ATM machines are convenient and easy to use.   As we drop by an ATM to get cash quickly, it can be easy to let our guard down.  Here are some quick and easy tips to help keep you safe:

-If the ATM you’re about to use doesn’t look right, don’t use it.  If you are at all uncomfortable, find another ATM.  PFCU members can text an address, intersection or zip code to 692667 to locate surcharge-free ATMsDroid and iPhone apps are also available to locate 7-Eleven V-Com machines available indoors, 24/7.

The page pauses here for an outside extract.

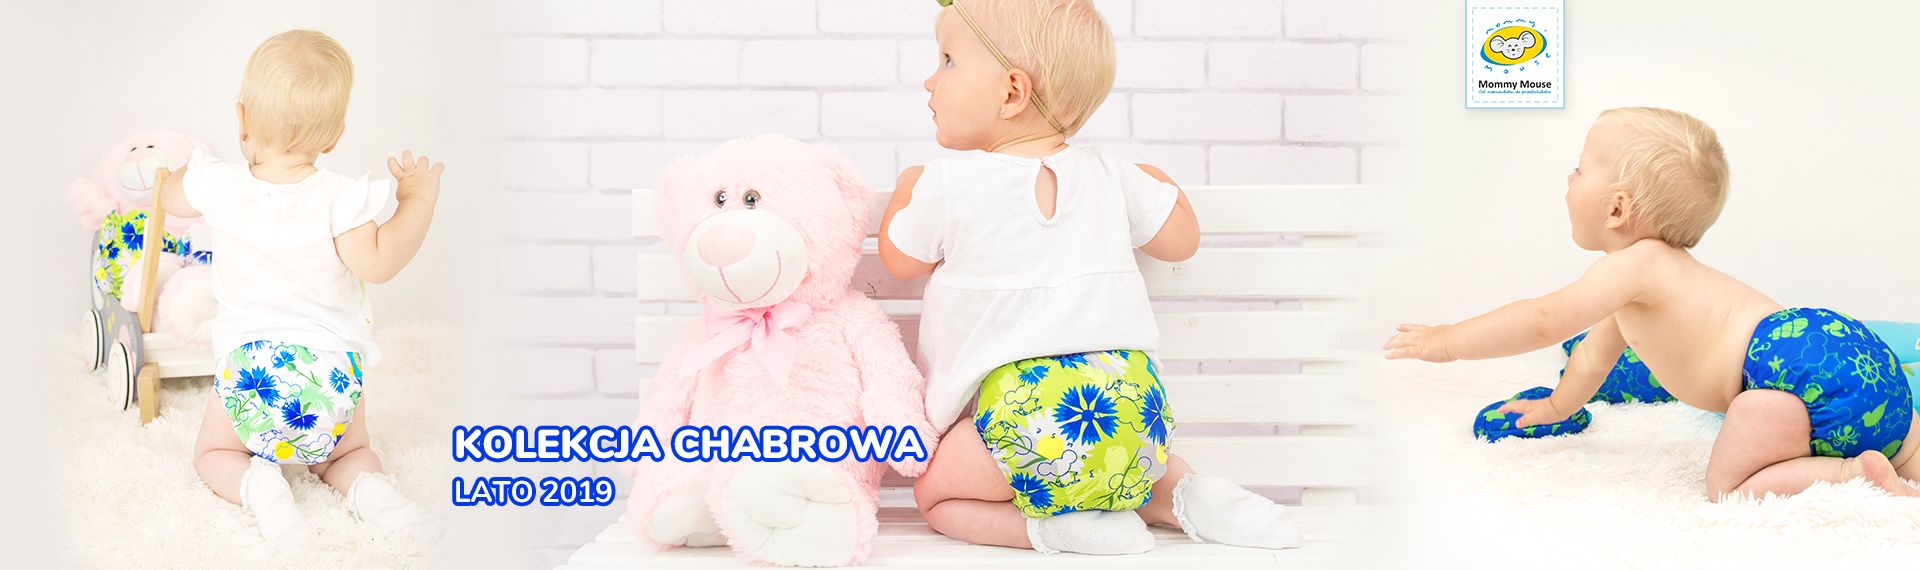 MM-Kolekcja-chabrowa-lato-2019-1920x570px-slider

– Be wary of anything about the ATM that looks out of the ordinary, such as odd-looking or unfamiliar equipment.

– Be leery of a jammed ATM or persons surrounding the ATM, pretending to be technicians.

-If possible, use an indoor ATM machine, especially at night.  PFCU members can use any 7-Eleven, Costco, or Bank of the West ATM machine free of surcharges.  One of our ATMs is also located inside the Pasadena Police Department lobby.

-If you must use an outdoor ATM at night, ensure that it is well-lit, and that there are no shrubs or bushes or other large objects a person can hide behind nearby

-Bring someone with you when you use the machine, if possible

-Stay alert, look around you as you perform your transaction, multi-tasking is admirable, but this is not the time to be distracted with a cell phone call

-Have your ATM or Debit card in your hand and ready to use before approaching the machine

 -Leave your wallet in your pocket.

-If anyone suspicious starts to approach you, cancel your transaction and leave immediately

-If anyone follows you after you withdraw from an ATM, go to a crowded area and call the police

-If you use a machine in an enclosed area that requires your card to enter, do not allow anyone to follow you in

-Even though it’s a quick stop, don’t leave your engine running, your car doors unlocked or your keys in the ignition

-Immediately put your cash, ATM card and receipt away upon receiving them.  Do not count your cash at the machine, even inside a store or restaurant.  You don’t want anyone nearby to see how much cash you have.  Save your receipt. 

– Check your accounts regularly to make sure there are no unauthorized transactions.

– If your ATM card is lost or stolen, or you suspect fraudulent activity, promptly notify the Credit Union

-When using a drive-up ATM, ensure that all doors are locked and passenger windows are shut

-Try to avoid a drive-up ATM situated in such a way that your car is “trapped” from being able to drive away quickly if necessary.

-Using your free hand, shield the pin pad from the view of others when entering your PIN (Personal Identification Number)

-Memorize your PIN and never write it down

-When traveling, make sure you know the numeric version of your PIN, as some foreign ATMs do not include letters on the keypad

Debit cards are a safe, convenient alternative to carrying cash and are accepted at most stores and restaurants.  Traveler’s Checks are also great when going out of the country.  As much as possible, plan ahead.  When visiting a branch, try to anticipate instances when you will need cash and withdraw accordingly.  Many grocery stores will allow cash back on an ATM or debit card transaction and there is usually no fee.  Pick up a few incidentals or a pack of gum to receive cash in a secure location. 

Your safety is important to us.  Use common sense and don’t take chances.  It’s just not worth the risk.